Chesapeake Bay Stewardship Fund Awards $9.9 Million For 13 Projects In PA

The U.S. Environmental Protection Agency and the National Fish and Wildlife Foundation Thursday announced the award recipients of nearly $11 million in Chesapeake Bay Stewardship Fund Grants for restoration, conservation and environmental outreach in Delaware, Maryland, Pennsylvania, Virginia, Washington, D.C. and West Virginia.
PA Congressman Glenn 'GT' Thompson* (PA-5) noted Pennsylvania will receive $9.9 million and 13 projects will be funded in his state.
"I have had several opportunities to tour farm sites using Ag innovation and smart conservation practices as provided by the NFWF grants and Penn State University, as well as other dynamic partners," Thompson, a member of the House Agriculture and Natural Resources committees said. "I have been very impressed by the on-the-ground work across the entire six state Chesapeake Bay Watershed, especially in increasing the removal of sediment and nutrients from our streams and rivers."

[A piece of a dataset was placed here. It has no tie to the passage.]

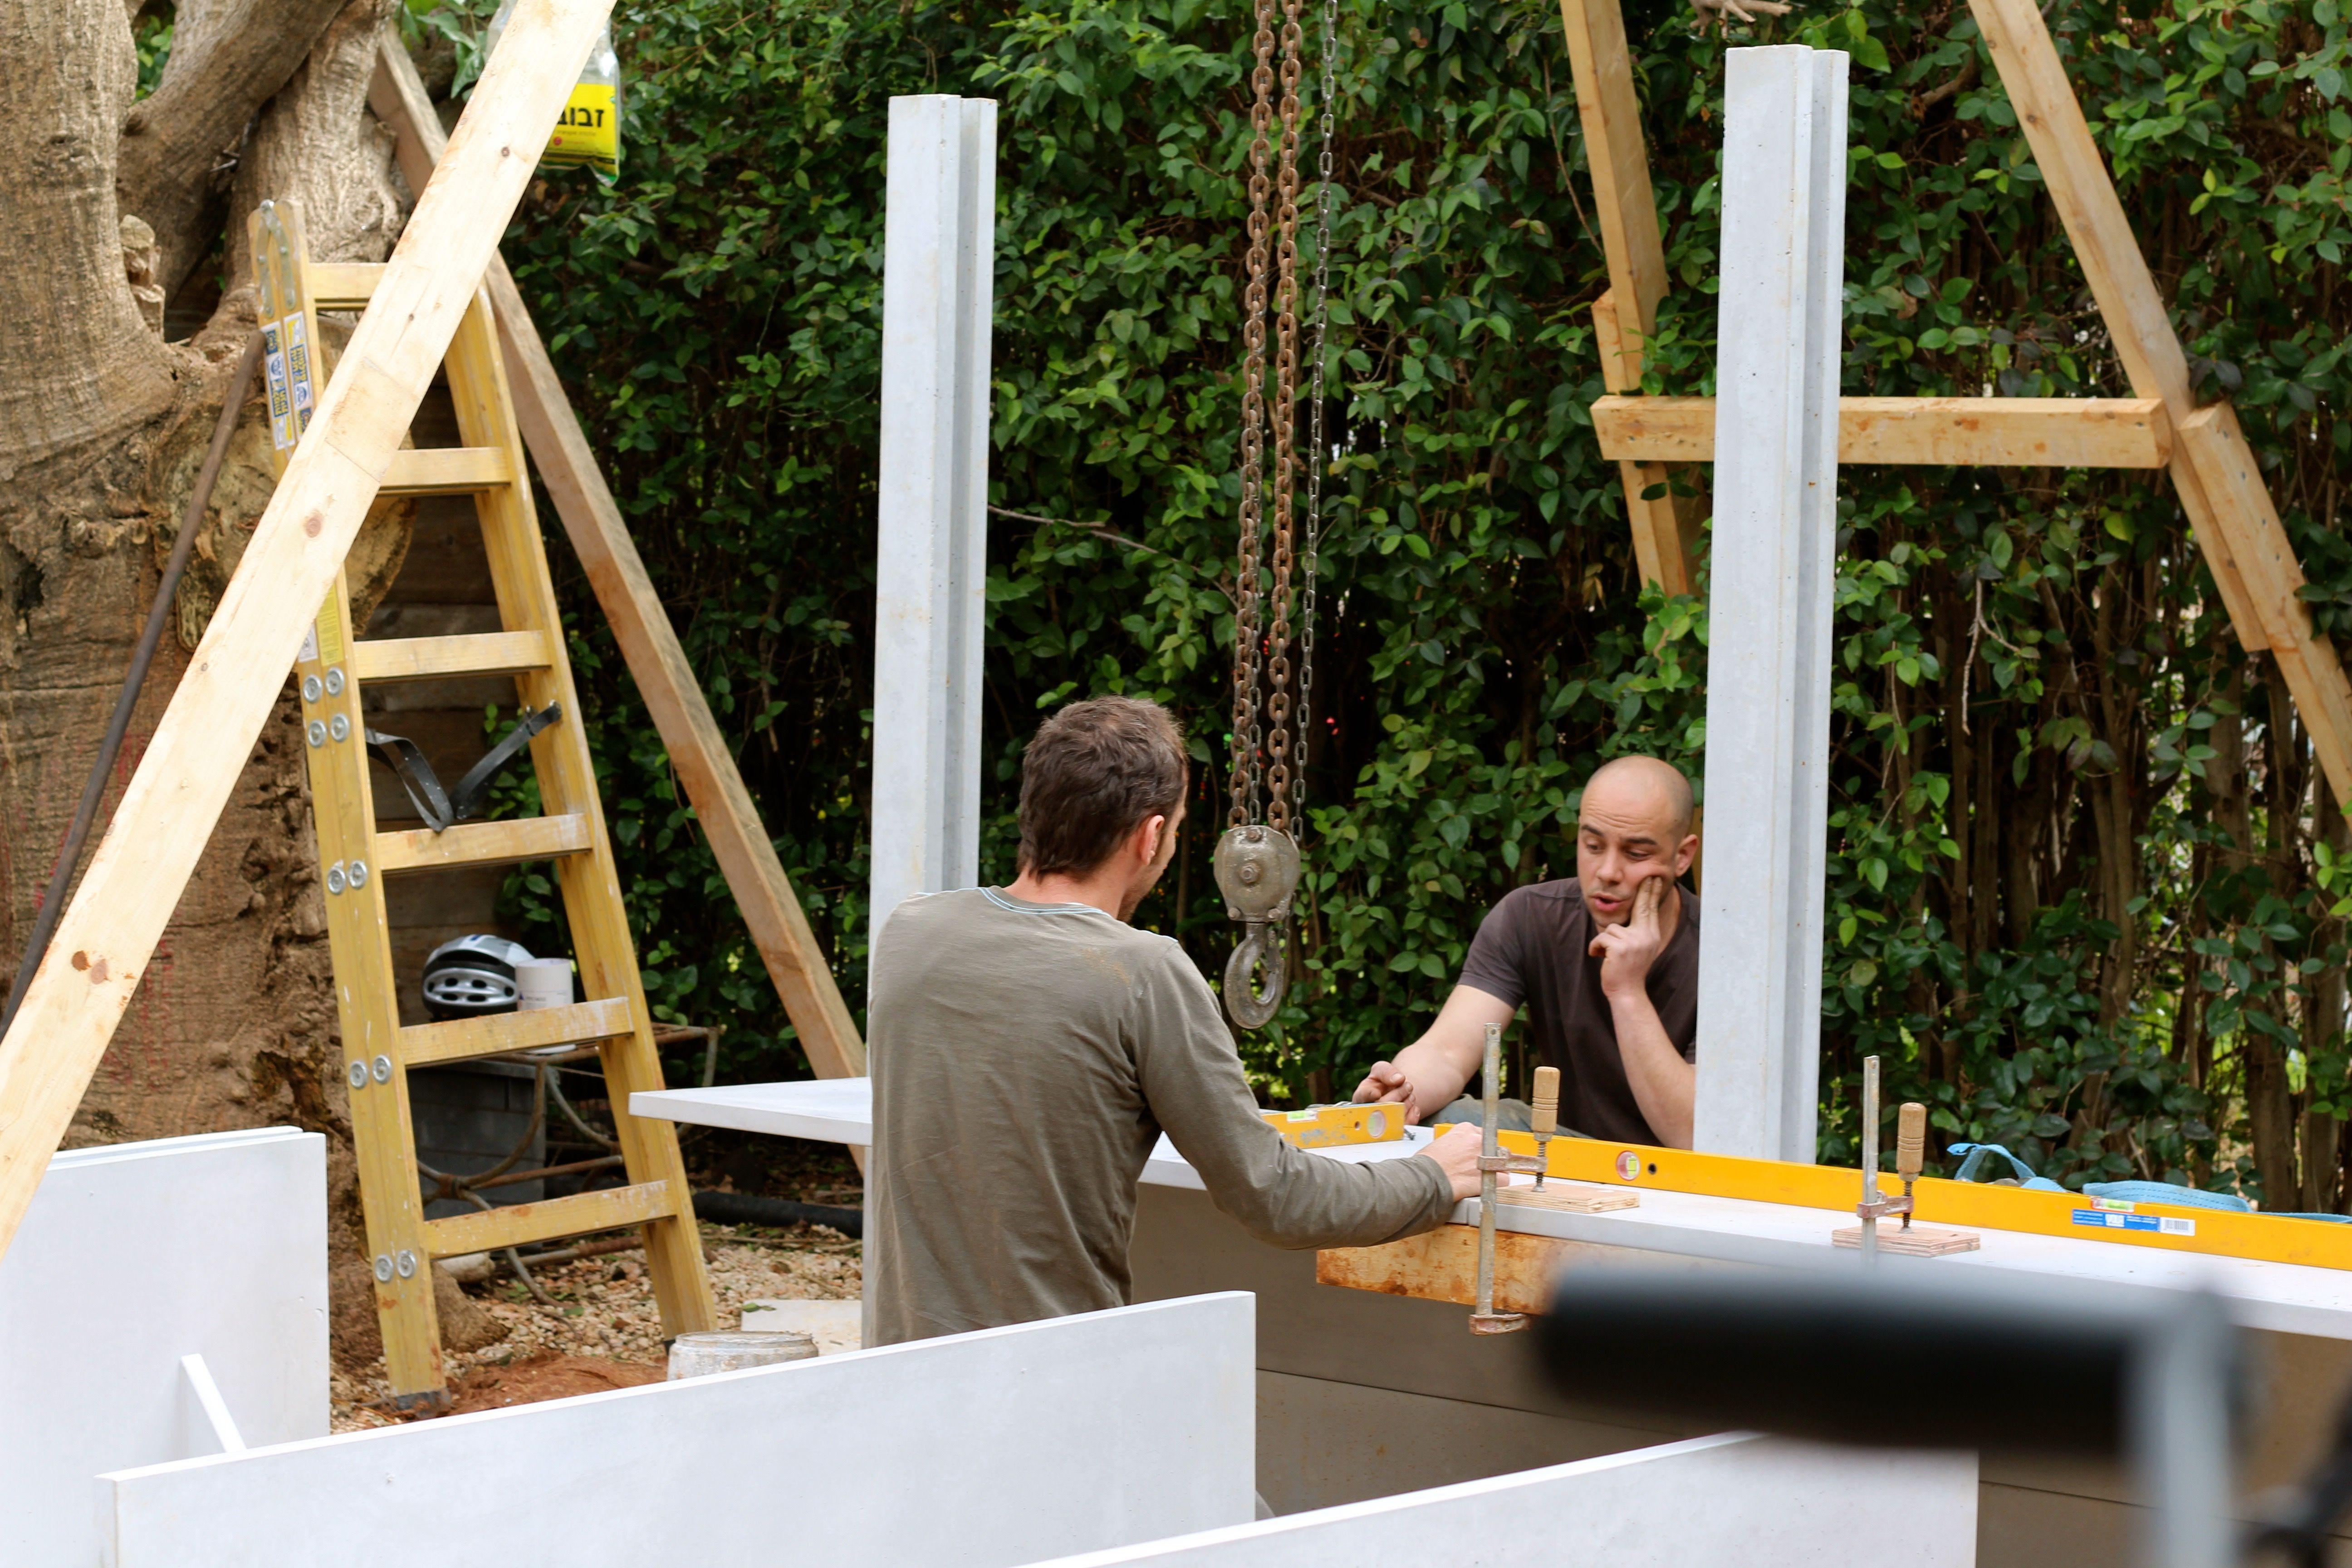 Installing the wwoo outdoor kitchen wwoo installation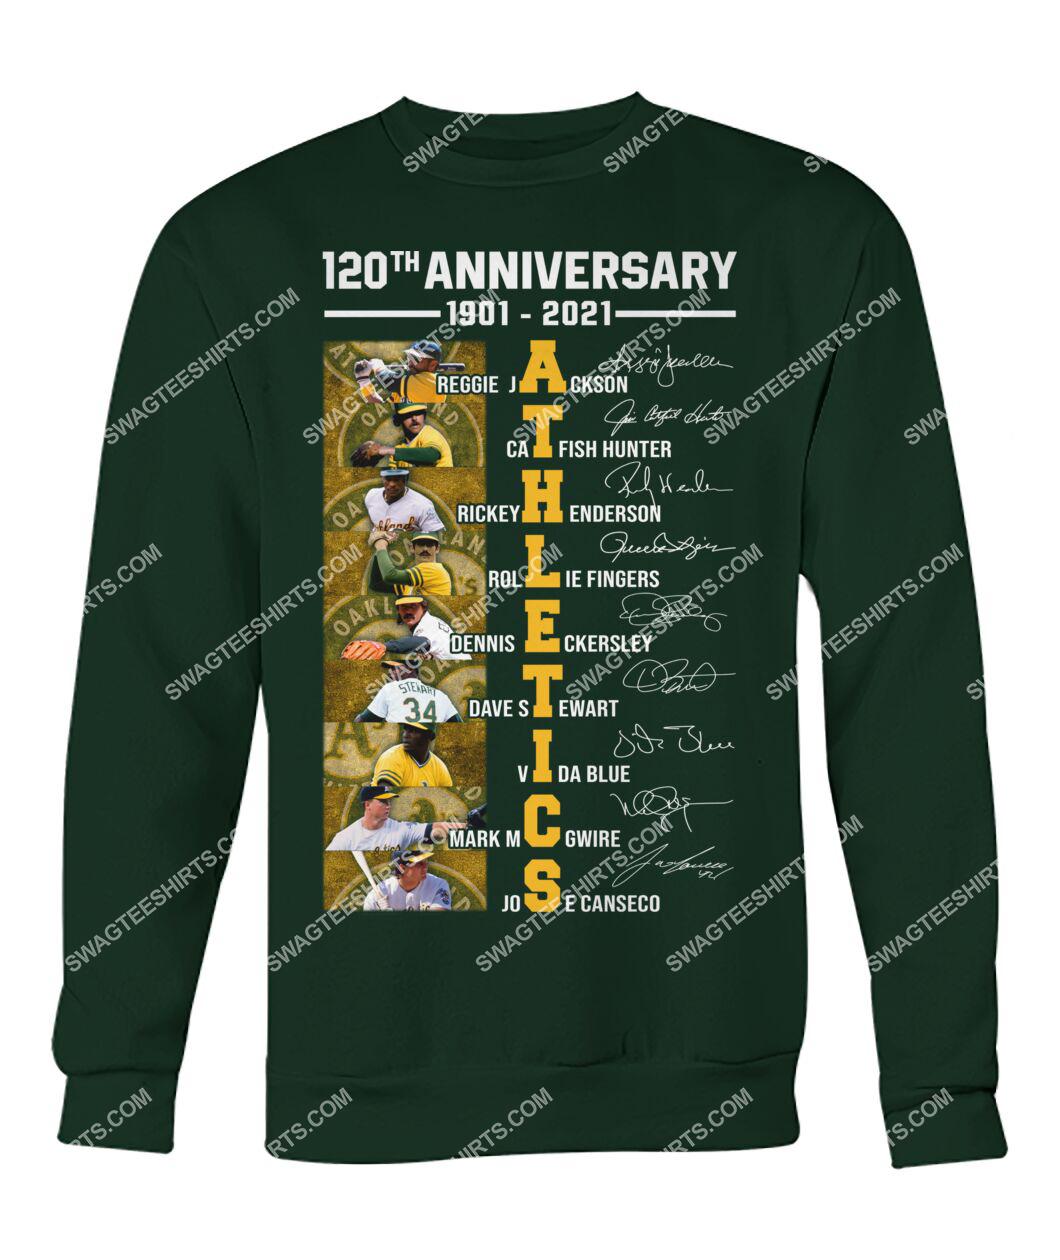 the oakland athletics 120th anniversary 1901 2021 signatures mlb sweatshirt 1

"We are honored to host this year's Chesapeake Bay Stewardship Fund grant announcement," said Rick Roush, dean of Pennsylvania State University's College of Agricultural Sciences. "A strong partner of the National Fish and Wildlife Foundation for many years, the college since 2008 has received more than $3.6 million in grant funding from NFWF and provided nearly $4 million in match from the college and our many partners to support innovative research, community engagement and implementation of best management practices on farms, in communities and along streams throughout Pennsylvania's portion of the Chesapeake Bay watershed. In concert with the objectives of these newly funded projects, Penn State is committed to building a new consensus-based, collaborative strategy to achieve water quality goals while ensuring profitable and productive agriculture."
The Pennsylvania projects include--
-- Alliance for the Chesapeake Bay, Inc. ($749,676) The Alliance for the Chesapeake Bay will improve drinking water supplies in the Octoraro Creek Watershed, Lancaster County, through outreach and agricultural best management practice installation on Plain Sect farms, building on existing local efforts.
-- Pennsylvania Department of Agriculture Adaptive Toolbox ($632,319) will pilot the Pennsylvania Adaptive Toolbox for Conservation Saturation, seeking greater participation in conservation planning and practice implementation, and demonstrating a correlation between conservation efforts, herd health and farm profitability.
-- Borough of Carlisle, Cumberland County Stormwater Management ($599,452) will reduce flooding by providing the needed stormwater retention capacity to serve run-off from the planned redevelopment of an adjacent brownfield site, while preventing nutrients and other pollution from entering the vulnerable LeTort Spring, which feeds into the Conodoguinet Creek and eventually the Chesapeake Bay.
-- Borough Of Spring Grove, Codorus Creek Stream Restoration ($185,000) Spring Grove Borough, York County, will restore approximately 1,250 linear feet of Codorus Creek to correct eroding streambanks and channels, thereby reducing sediment discharge to the Lower Susquehanna watershed.
-- Chesapeake Conservancy, Chesapeake Bay Foundation-PA, Susquehanna University ($562,236) The Chesapeake Conservancy, Susquehanna University and the Chesapeake Bay Foundation-PA will collaborate and harness newly available high-resolution Geographic Information System datasets and tools to pilot a new innovative approach to conservation, conduct precision conservation,and better focus restoration efforts and best management practice implementation on the ground.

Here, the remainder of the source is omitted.